[Adrianus Mangot]
MANGOT (Adrianus), werd in 1554 te Gouda geboren, studeerde te Leuven in het door Viglius nieuw opgerigte collegie. Hier bleef hij negen jaren, legde zich aan de universiteit van dezelfde stad op de wijsbegeerte en godgeleerdheid toe, verkreeg den rang van Baccalaureus in de laatste, nam eenigen tijd de herderlijke dienst waar, doch trad den 1 October 1585 in de orde der jesuiten. Zijn welsprekendheid deed zijn oversten besluiten hem tot de predikdienst te bestemmen en droegen hem het bestuur der congregatie der H. Maagd op. Hij predikte te Leuven, waar Justus Lipsius hem steeds en gaarne hoorde, en vervolgens te Antwerpen. Ook trad hij in andere plaatsen als prediker op. Hij stierf den 13 November 1629 in zijn klooster te Antwerpen.
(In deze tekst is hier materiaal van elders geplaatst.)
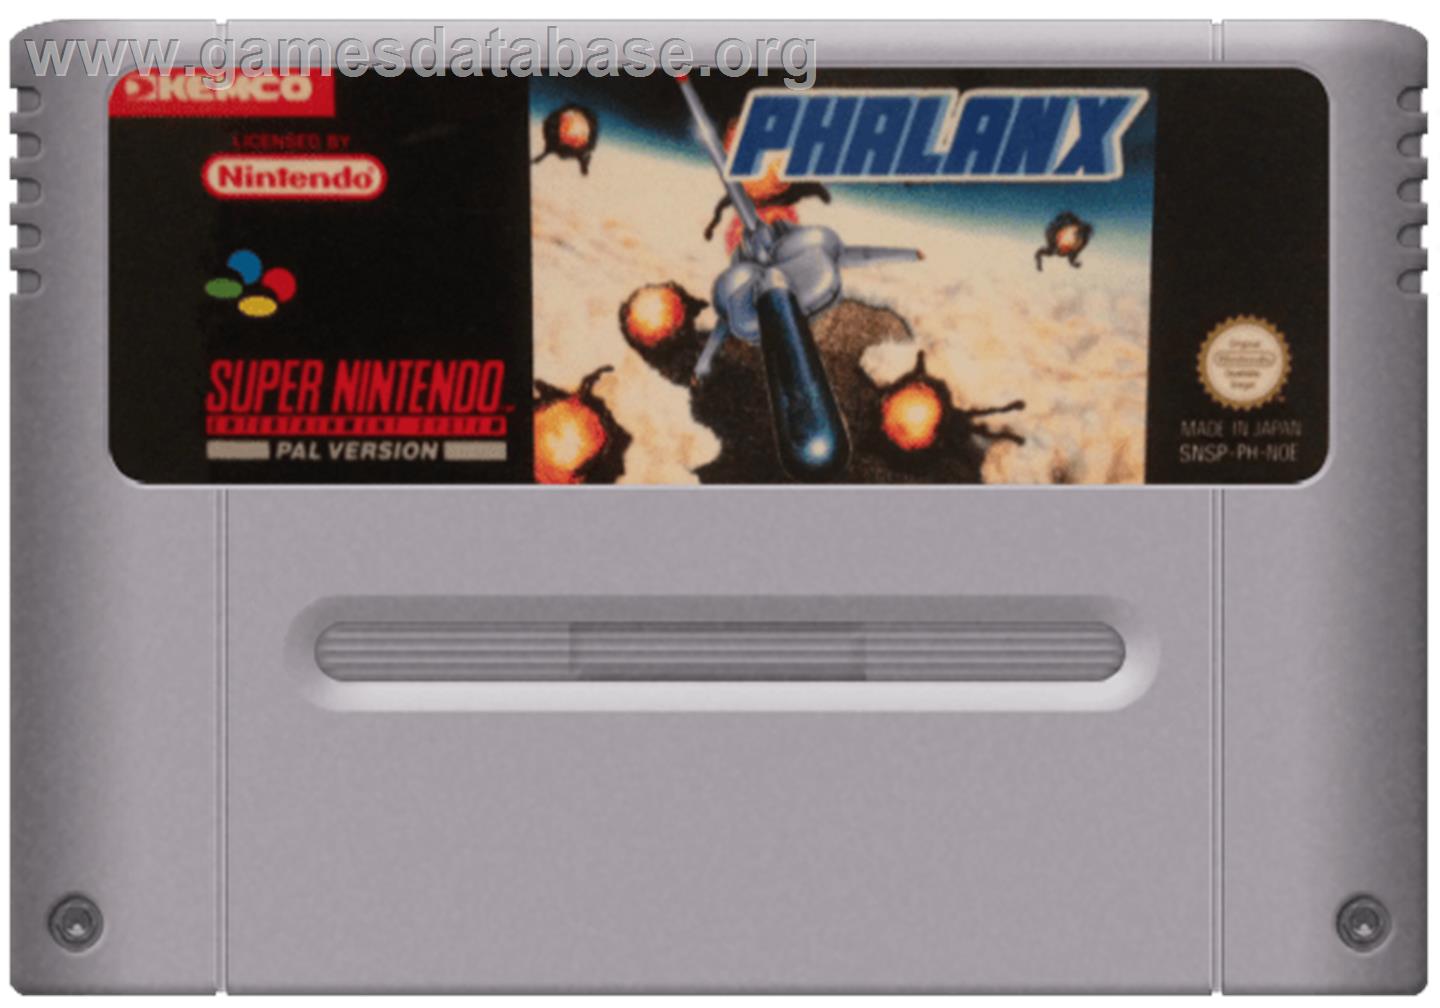 Phalanx - Nintendo SNES - Artwork - Cartridge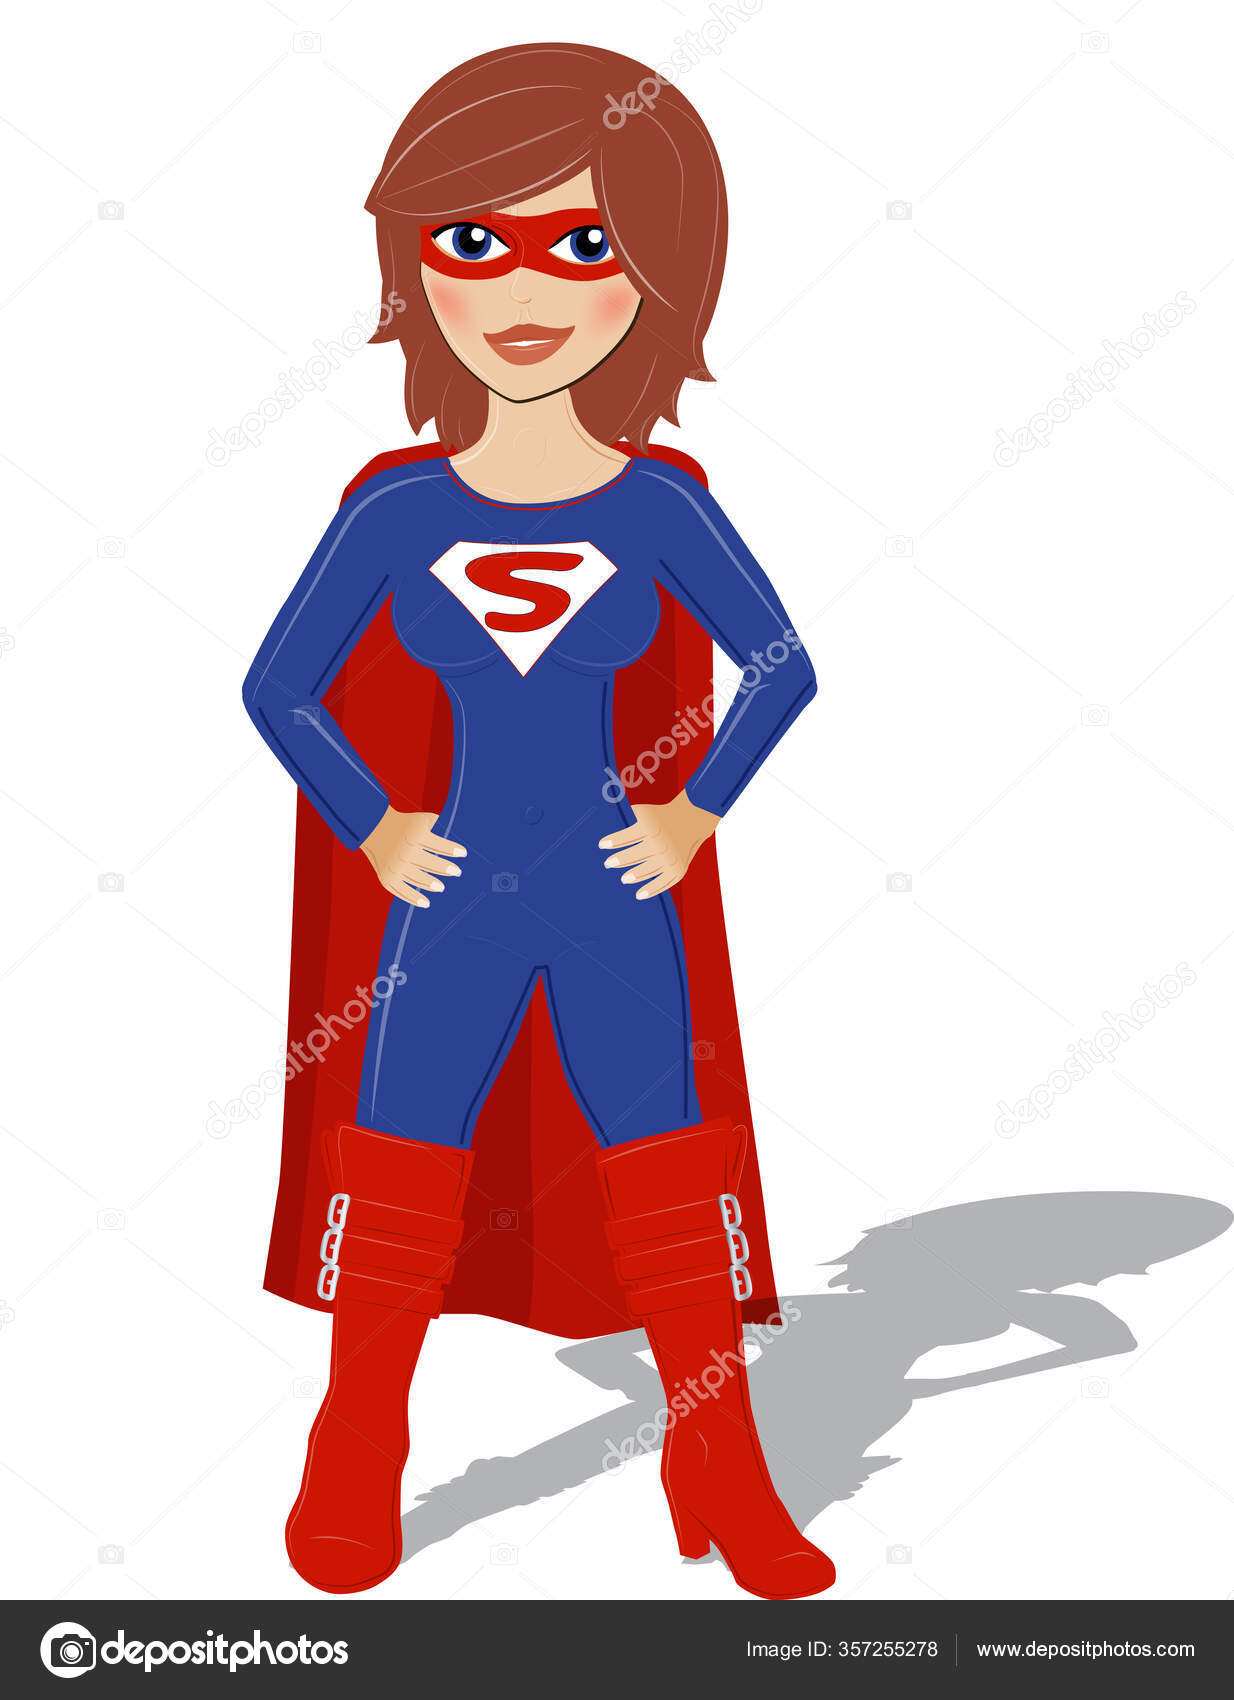 Supergirl volando imágenes de stock de arte vectorial | Depositphotos

Hij bestudeerde de H. Schrift en de kerkvaders en het was uit dezer spreuken dat hij voornamelijk zijne predikatien zamenstelde. Zijn meest geliefde kerkvader was Augustinus, van daar dat, toen de kerkelijke twisten over de Augustinische predestinatieleer ontstaan waren, een Jansenistische geestelijke al wat Mangot hieromtrent in zijne leerredenen had bijeengebragt, in het licht gaf.
Hij schreef:
Monita Sacra in S. Scripturâ et sanctis Patribus, potissimum collecta, in celebri Academiâ Lovaniensi sodalibus deiparae Virginis dicta, omnibus utillissima. Antv. 1613 8o.
Monita Sacra.... variis in locis ad Clerum et populum dicta.... Pars altera. Ibid. Idem 1613. 8o. Pars Tertia. Ibid, Idem 1613. 8o.
Monita Mariana ex S. Scriptura et S.S. Patribus potissimum collecta, sodalibus Deiparae Virginis Antverpiae dicta, omnibus utilissima. Additur duplex declaratio dominicae Passiois cum triplice indice rerum praecipuarum, quae Monitis Sacris, et hisce Marianis cortinentur. Antv. 1614. 4o.
Herdrukt met den titel van Conciones in Dominicas et Festa totius anni, ex S. Scriptura et S.S. Patribus, per Monita deducta. Elitio 2a auctior et correctior. Antv, 1618. 4 soll. 12o.
Zie Foppens, Bibl. Belg.; Paquot, Mém. pour serv. à l'Hist. Littér des Pays-Bas, T. I. p. 302; Walvis, Beschr. van Gouda, D. I. bl. 510; van Heussen en van Rijn, Batavia Sacra, T. II. p. 486; Glasius, Godgel. Nederl. o.h.w.; Kobus en de Rivecourt, Biogr. Handwoordenb. o.h.w.